Community outlets like the Suburban are more nimble than bigger, regional publications, Wajsman said, and they have been expanding to cover more ground and reach more communities, even as the Gazette contracts.
“We do the hyper-local stories that you don’t get in the big papers,” he said. “We connect with people at the ground level.”
Wajsman says, for example, while his paper might have a political story on its front page, inside, there would be a feature about “the grocer who is celebrating his 50th anniversary.”
Ruby Pratka, the assignment editor of the Quebec City Chronicle-Telegraph (QCT), the only newspaper in Canada older than the Gazette (it was founded in 1764), said that, like O’Farrell, she believes the future of English-language newspapers in Quebec is in their ability to cover local news well.

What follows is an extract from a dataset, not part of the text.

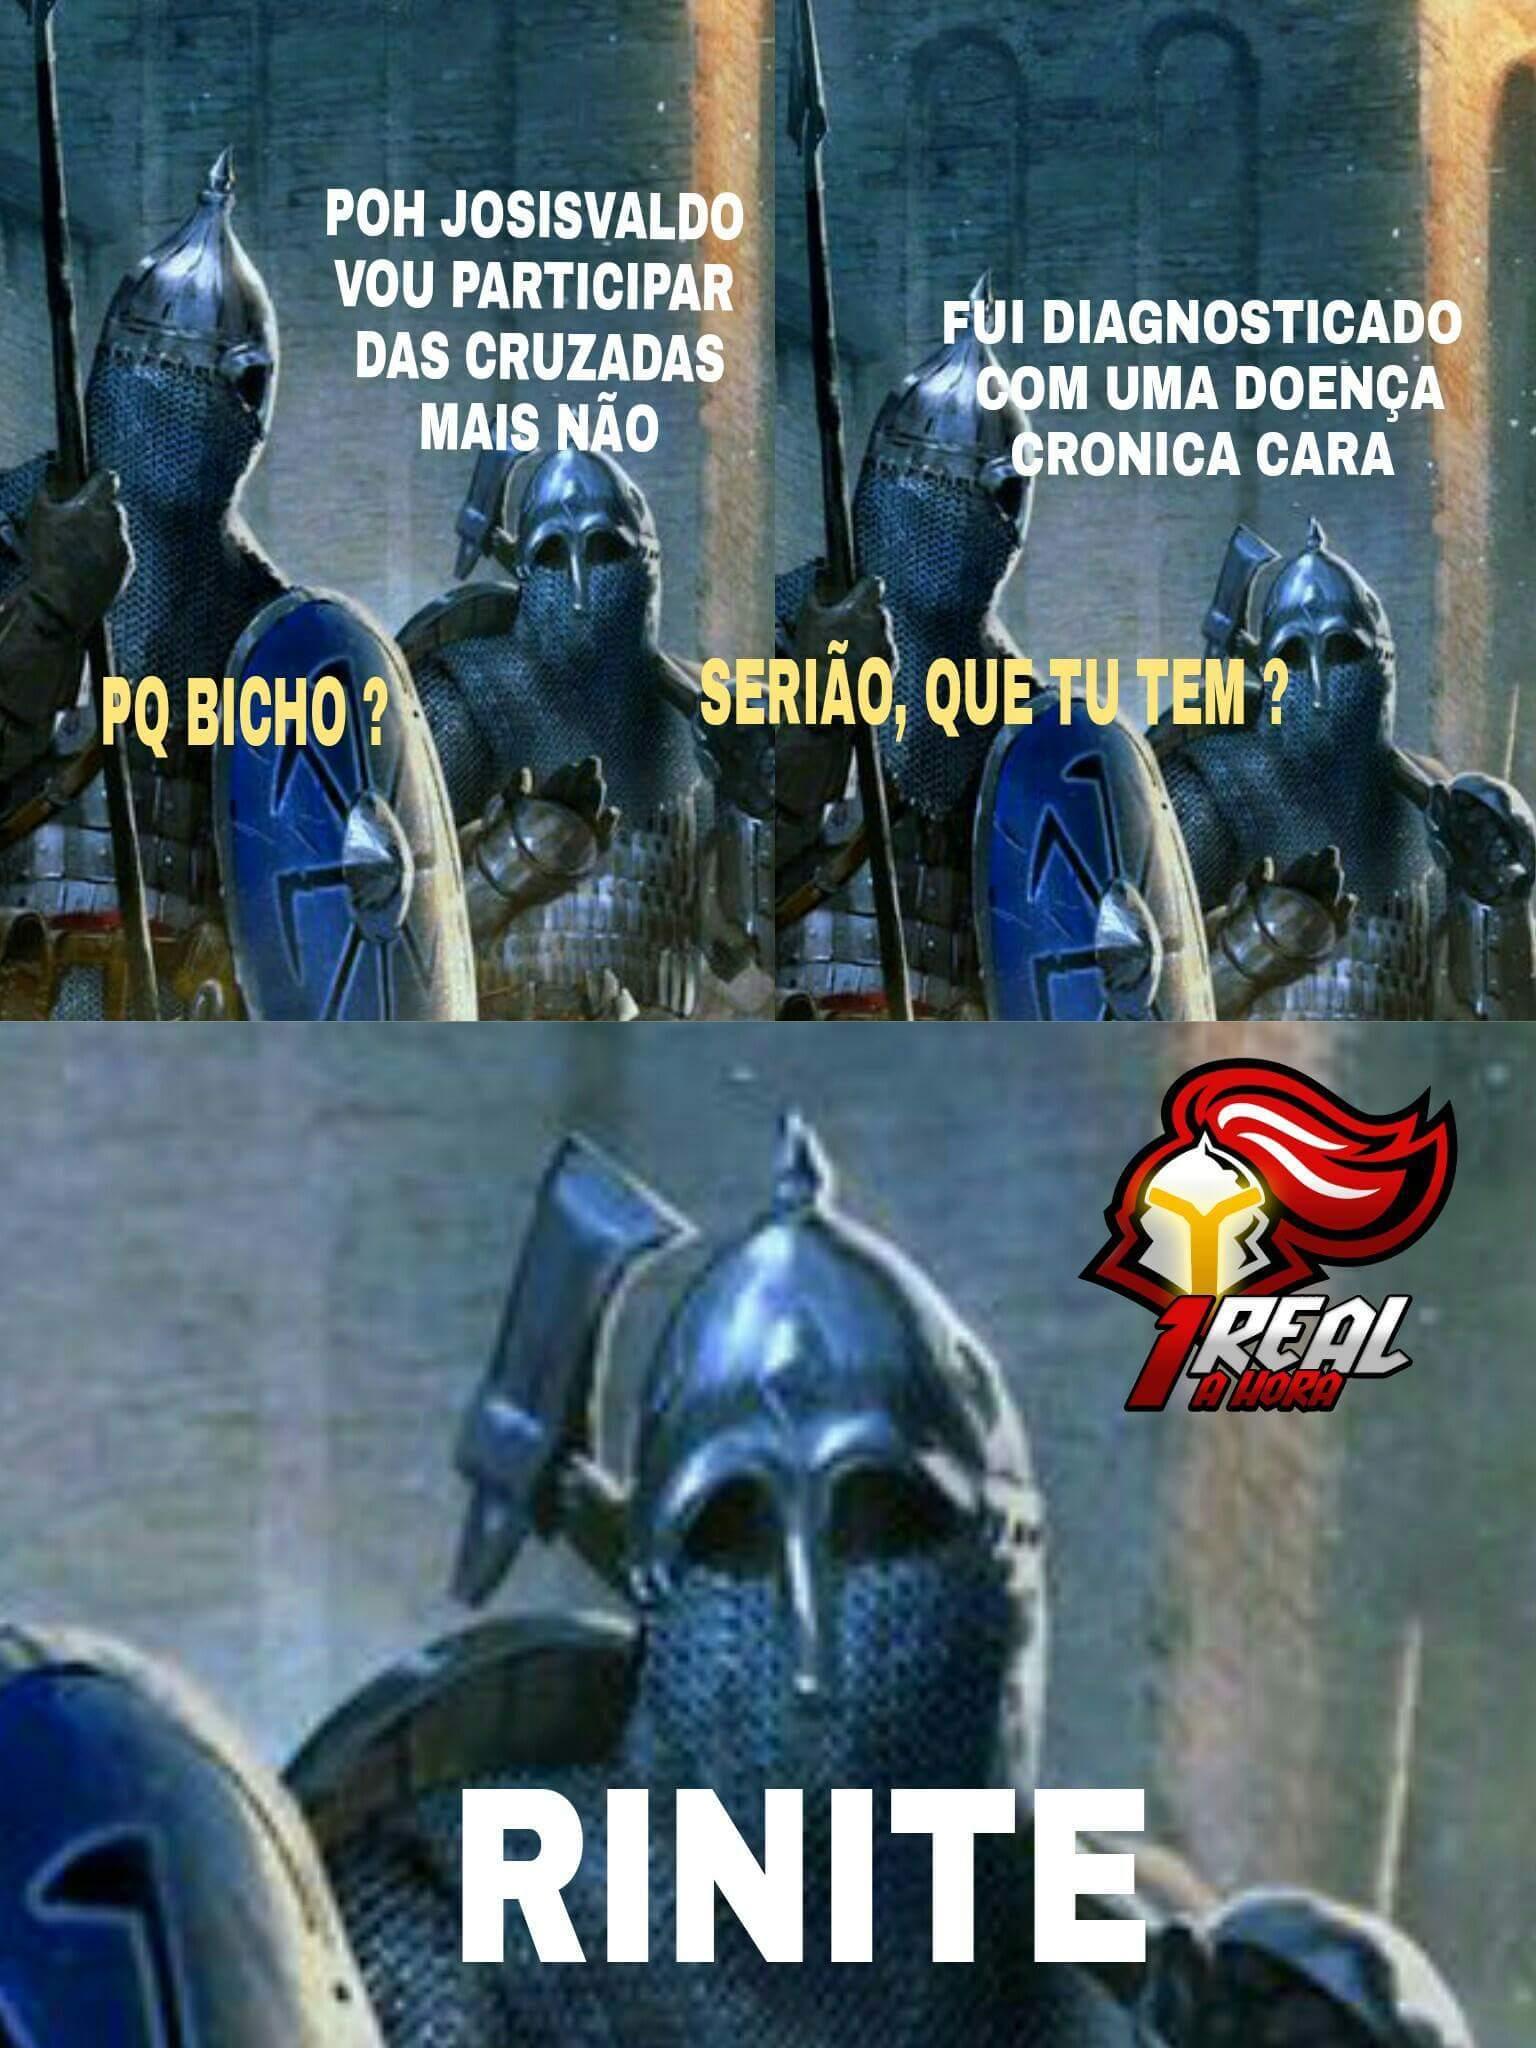 Baduntssss. DEUS VULT! - meme
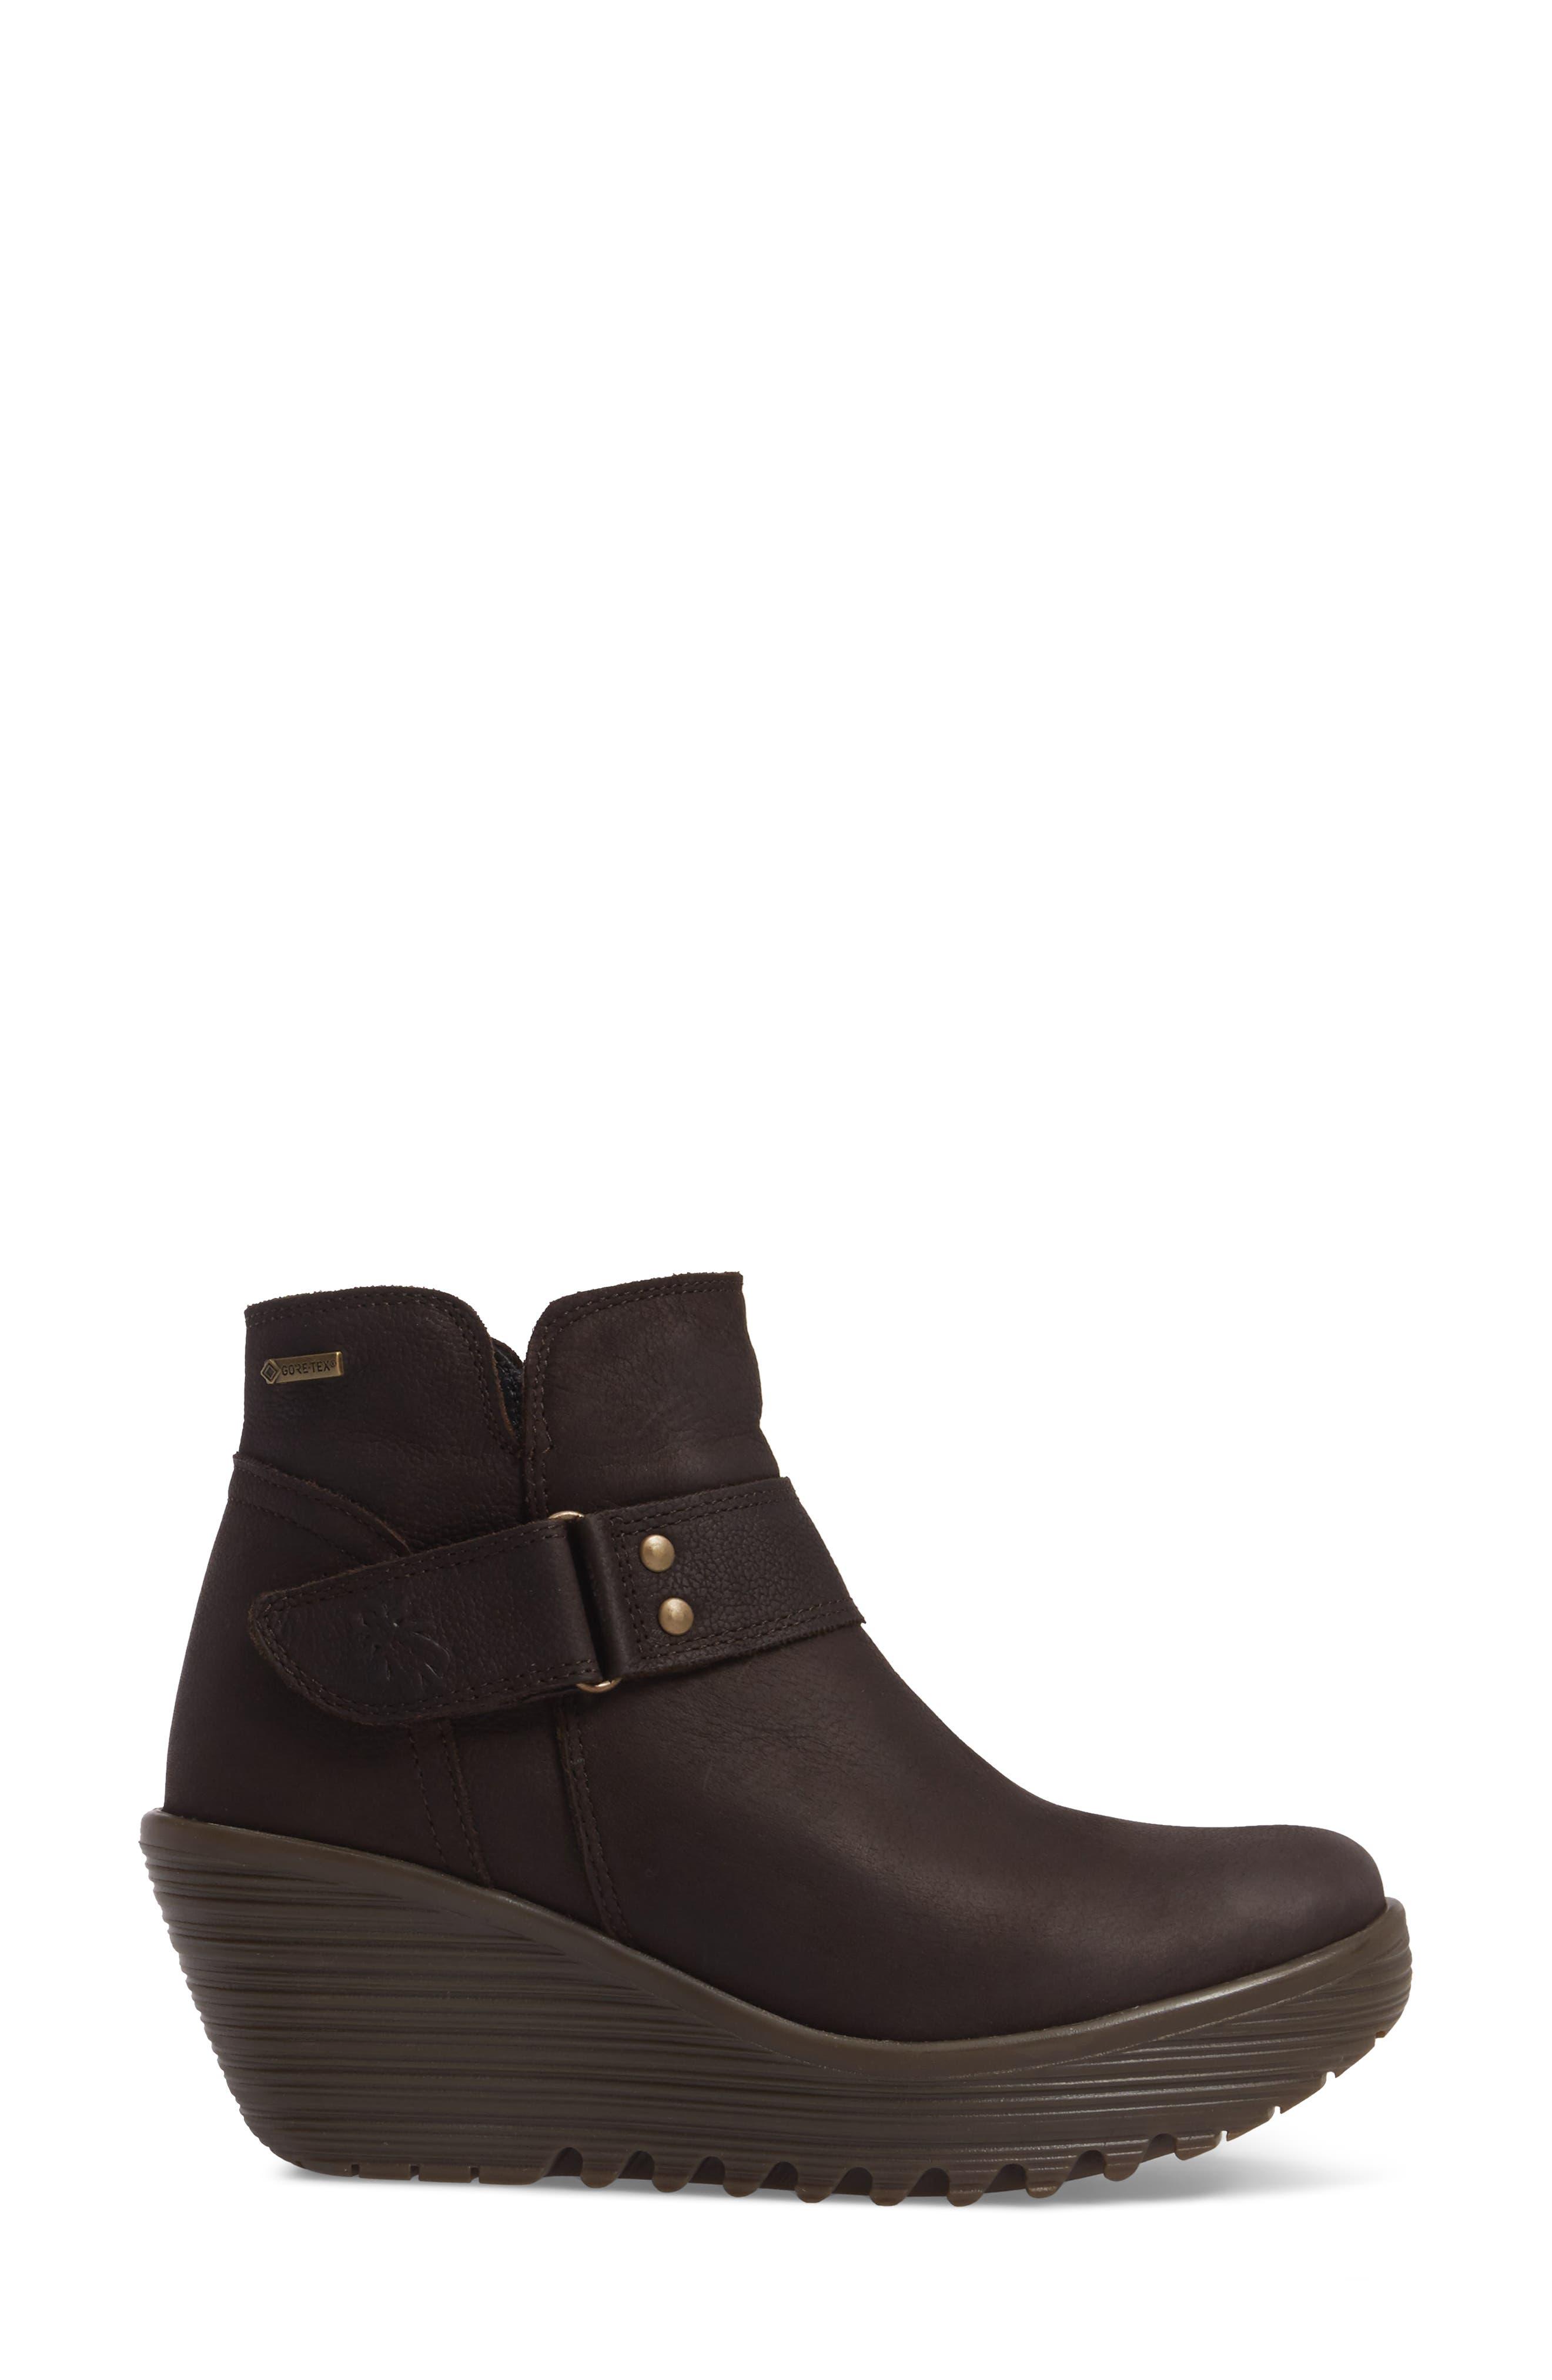 Alternate Image 3  - Fly London Yock Waterproof Gore-Tex® Wedge Boot (Women)

“There’s always going to be demand for hyper-local news,” she said. “There will always be people who will want to know what their neighbourhood council is doing.”
But, even though the Gazette hadn’t delivered newspapers to the Quebec City area since 2019, Pratka said the cuts there would have a ripple effect throughout the English-speaking community.
“It’s a disservice to the community that is served by this paper because [the reporters who remain] are still going to be expected to do the same work,” she said, “and of course, one reporter is not going to be able to spend as much time on their stories.